Determine the \(n^{\text {th }}\) term of the given sequence. $$10,20,40,80,160, \ldots$$

Short answer

The nth term is \( a_n = 10 \cdot 2^{n-1} \).

Step-by-step solution

Identify the Pattern

Look at the sequence of numbers: 10, 20, 40, 80, 160, .... Each number seems to be double the previous one. This indicates a geometric sequence with a common ratio.

Calculate the Common Ratio

To find the common ratio (r), divide the second term by the first: \( \frac{20}{10} = 2 \). Similarly, check other terms: \( \frac{40}{20}, \frac{80}{40}, \frac{160}{80} \), which also equals 2. Hence, the common ratio is 2.
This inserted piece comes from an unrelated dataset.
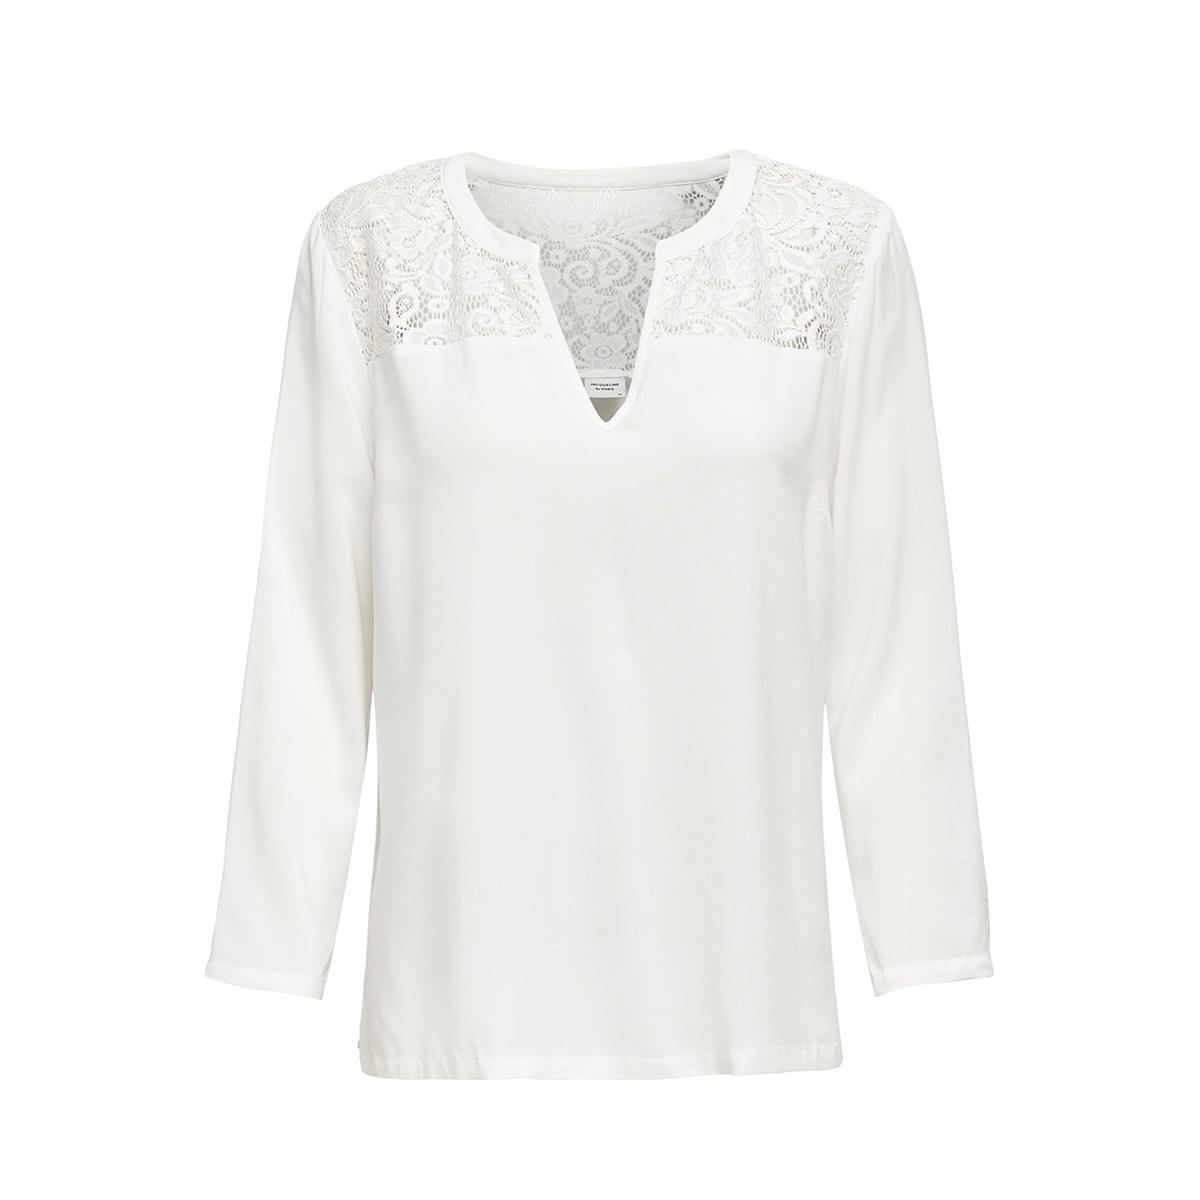 jdyraymond 7/8  lace top wvn noos 15194025 jacqueline de yong blouse cloud dancer

Use the Formula for the nth Term of a Geometric Sequence

The formula for the nth term of a geometric sequence is \( a_n = a_1 \cdot r^{n-1} \), where \( a_1 = 10 \) is the first term and \( r = 2 \) is the common ratio.

Express the nth Term

Plug the values \( a_1 = 10 \) and \( r = 2 \) into the formula: \[ a_n = 10 \cdot 2^{n-1} \]. This expression gives the nth term of the geometric sequence.

Key concepts

Common Ratio

The common ratio in a geometric sequence is a key element. It's what you multiply each term by to get to the next term in the sequence. To find it, take any term in the sequence, and divide it by the previous term. In our exercise, the sequence begins with 10, 20, 40, 80, 160. By dividing 20 by 10, we find the common ratio is 2. This same process applies to other consecutive terms:

• 40 divided by 20
• 80 divided by 40
• 160 divided by 80

All result in 2. This implies consistent multiplication throughout the sequence. Understanding the common ratio confirms the multiplicative pattern that defines geometric sequences.

Nth Term Formula

The nth term formula for a geometric sequence helps us find any term in the sequence without listing all the terms. Once you've got the common ratio, the formula is quite straightforward: \[ a_n = a_1 \cdot r^{n-1} \] Here, \( a_n \) represents the nth term. For the first term, \( a_1 \), and the common ratio, \( r \), you insert those values. In our example, the first term is 10, and \( r \) is 2. So the formula becomes:

• \[ a_n = 10 \cdot 2^{n-1} \]

This provides a way to calculate any term directly by plugging in the value for \( n \). It makes working with large numbers easy!

Sequence Pattern

Understanding the pattern in a sequence is crucial. In a geometric sequence, the pattern is defined by the common ratio. Once you've noticed that each term is obtained by multiplying the previous term by a constant number, you've identified a geometric sequence. In our example:

• Start with 10, multiply by 2 to get 20.
• Multiply 20 by 2 to get 40.
• This continuous pattern demonstrates the power of sequences.

Recognizing such patterns aids in easily predicting any following terms without needing to compute each one step by step. This helps streamline calculations and deepen the understanding of mathematical sequences.